I get the error: fatal error: error in backend: IO failure on output stream: Bad file descriptor

But I delete the '-mllvm' '-enable-ml-inliner=development' '-mllvm' '-training-log=/tmp/tmp6dd7o0lh/log' '-o' '/tmp/test.aa' and the command run successful.

I use the LLVM15, this is commit ID.

commit b73d2c8c720a8c8e6e73b11be4e27afa6cb75bdf (HEAD -> release/15.x, tag: llvmorg-15.0.1, origin/release/15.x) Author: Florian Hahn flo@fhahn.com Date: Mon Sep 19 18:14:34 2022 +0100

[LV] Keep track of cost-based ScalarAfterVec in VPWidenPointerInd.

Epilogue vectorization uses isScalarAfterVectorization to check if
widened versions for inductions need to be generated and bails out in
those cases.

At the moment, there are scenarios where isScalarAfterVectorization
returns true but VPWidenPointerInduction::onlyScalarsGenerated would
return false, causing widening.

This can lead to widened phis with incorrect start values being created
in the epilogue vector body.

This patch addresses the issue by storing the cost-model decision in
VPWidenPointerInductionRecipe and restoring the behavior before 151c144.
This effectively reverts 151c144, but the long-term fix is to properly
support widened inductions during epilogue vectorization

Fixes #57712.

mtrofin commented 2 years ago

The reason you get Bad file descriptor when trying to debug is that /tmp/tmp6dd7o0lh/log doesn't exist (more specifically, the first part of the path, i.e. /tmp/tmp6dd7o0lh - it's a tempfile - created (from Python) directory. Try pointing -training-log to output somewhere else, like /tmp/this_is_the.log, i.e. under an existing dir.

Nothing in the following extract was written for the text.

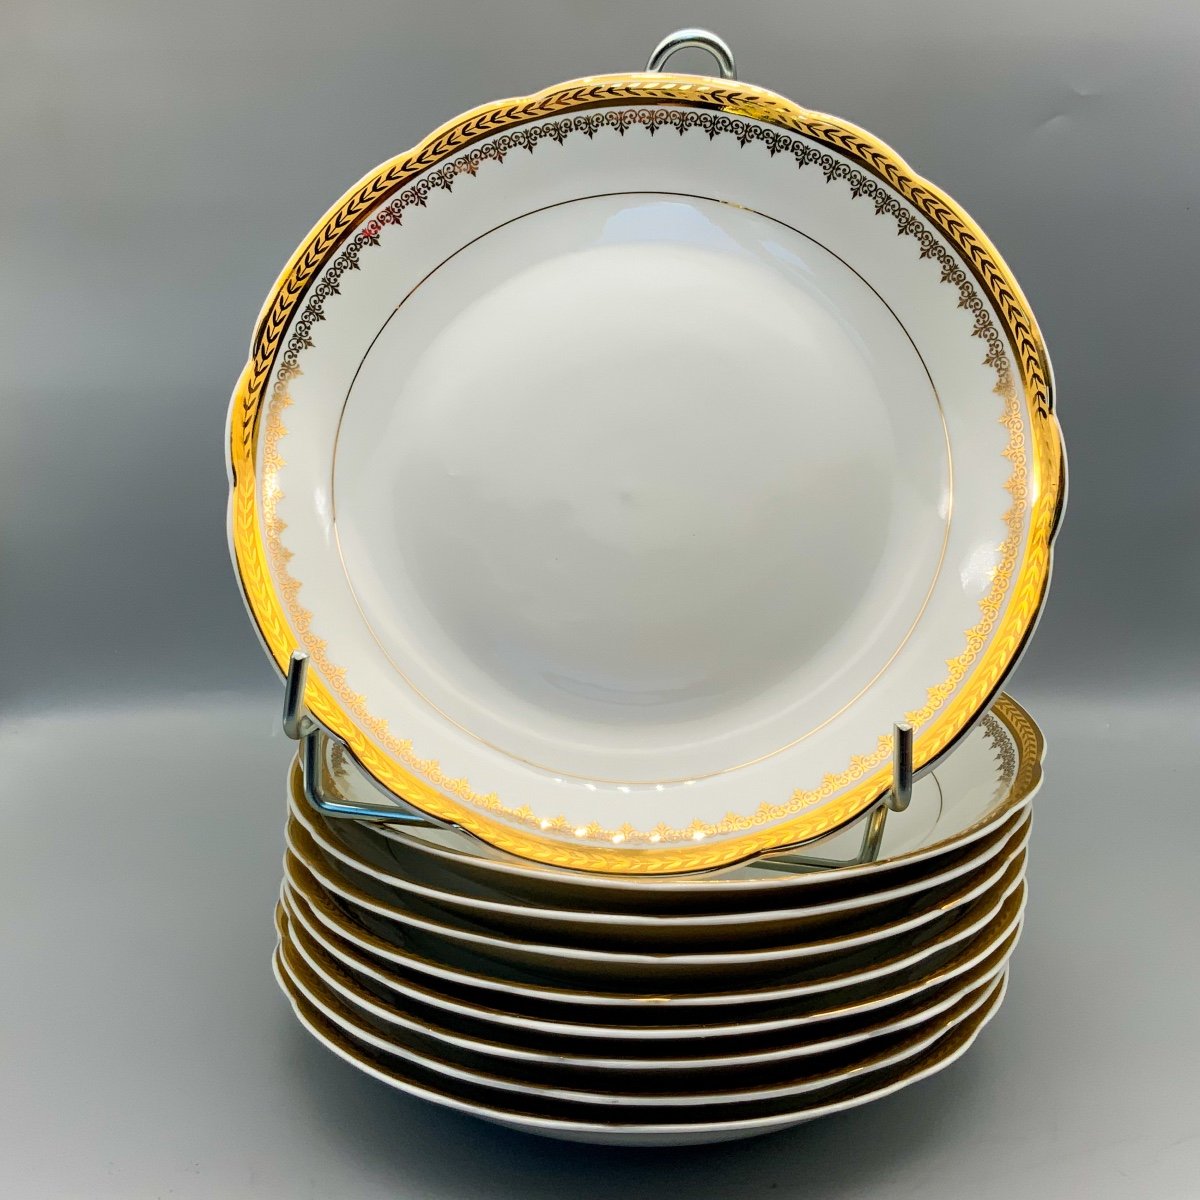 9 Porcelain Soup Plates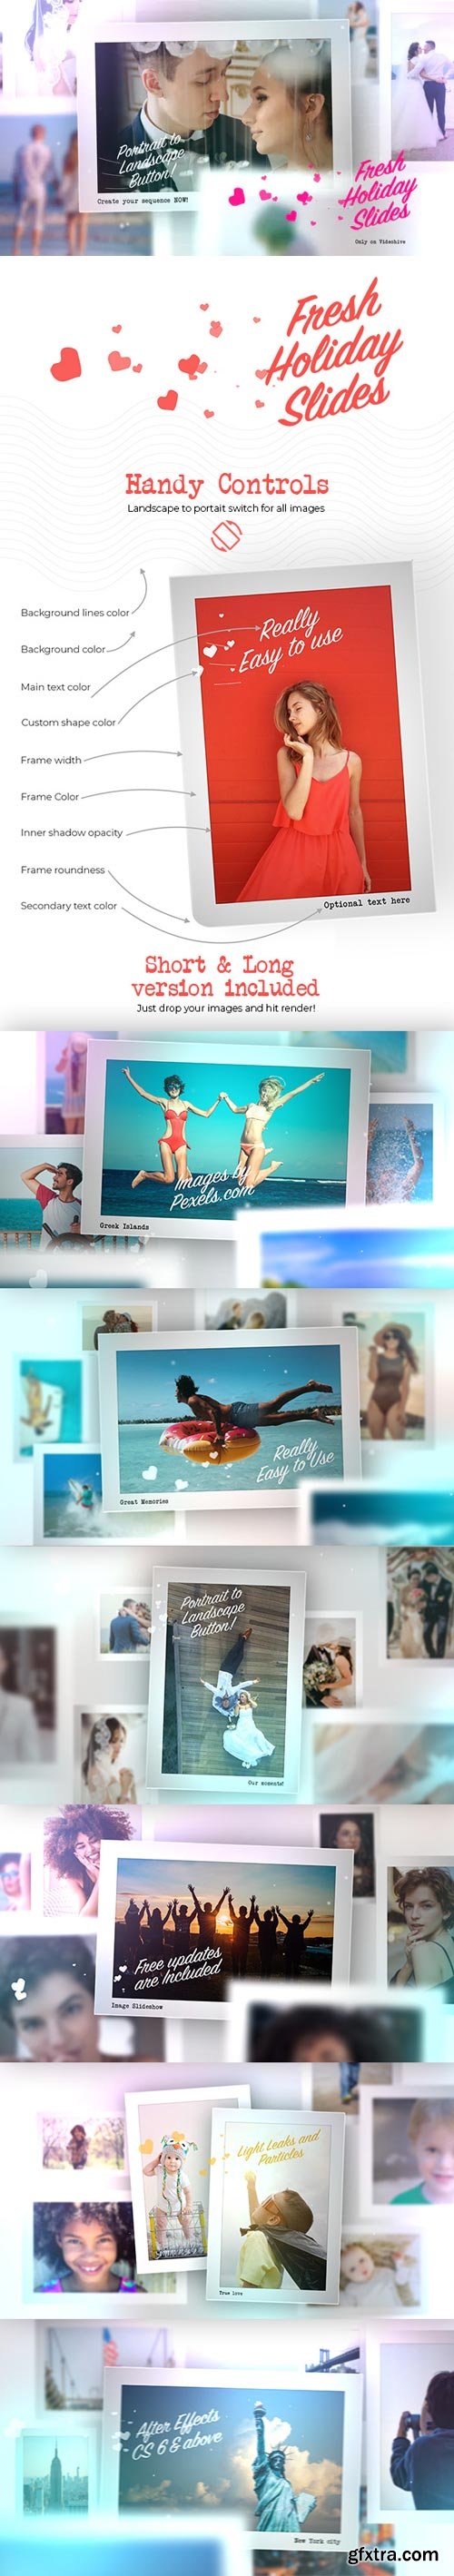 Videohive - Fresh Holiday photography Slides v2 - 24020810

Now for the first part. That seems to be about how the model passed to clang during training is invalid. I'm assuming you're at or near HEAD of this (ml-compiler-opt) repo. Under your $OUTPUT_DIR, do you see a bunch of saved model directories? You should see a policy dir, under which you should see a bunch of numbered dirs. Pick one of the latter, under it you should see a saved_policy and saved_collect_policy. What do you see under it?

xuc-X commented 2 years ago

Yes, you are right, For Bad file descriptor problem, I use the /tmp/test.log and the command run successfully. This is my $OUTPUT_DIR This is my policy dir. How I debug the python or C++ code to test train model ?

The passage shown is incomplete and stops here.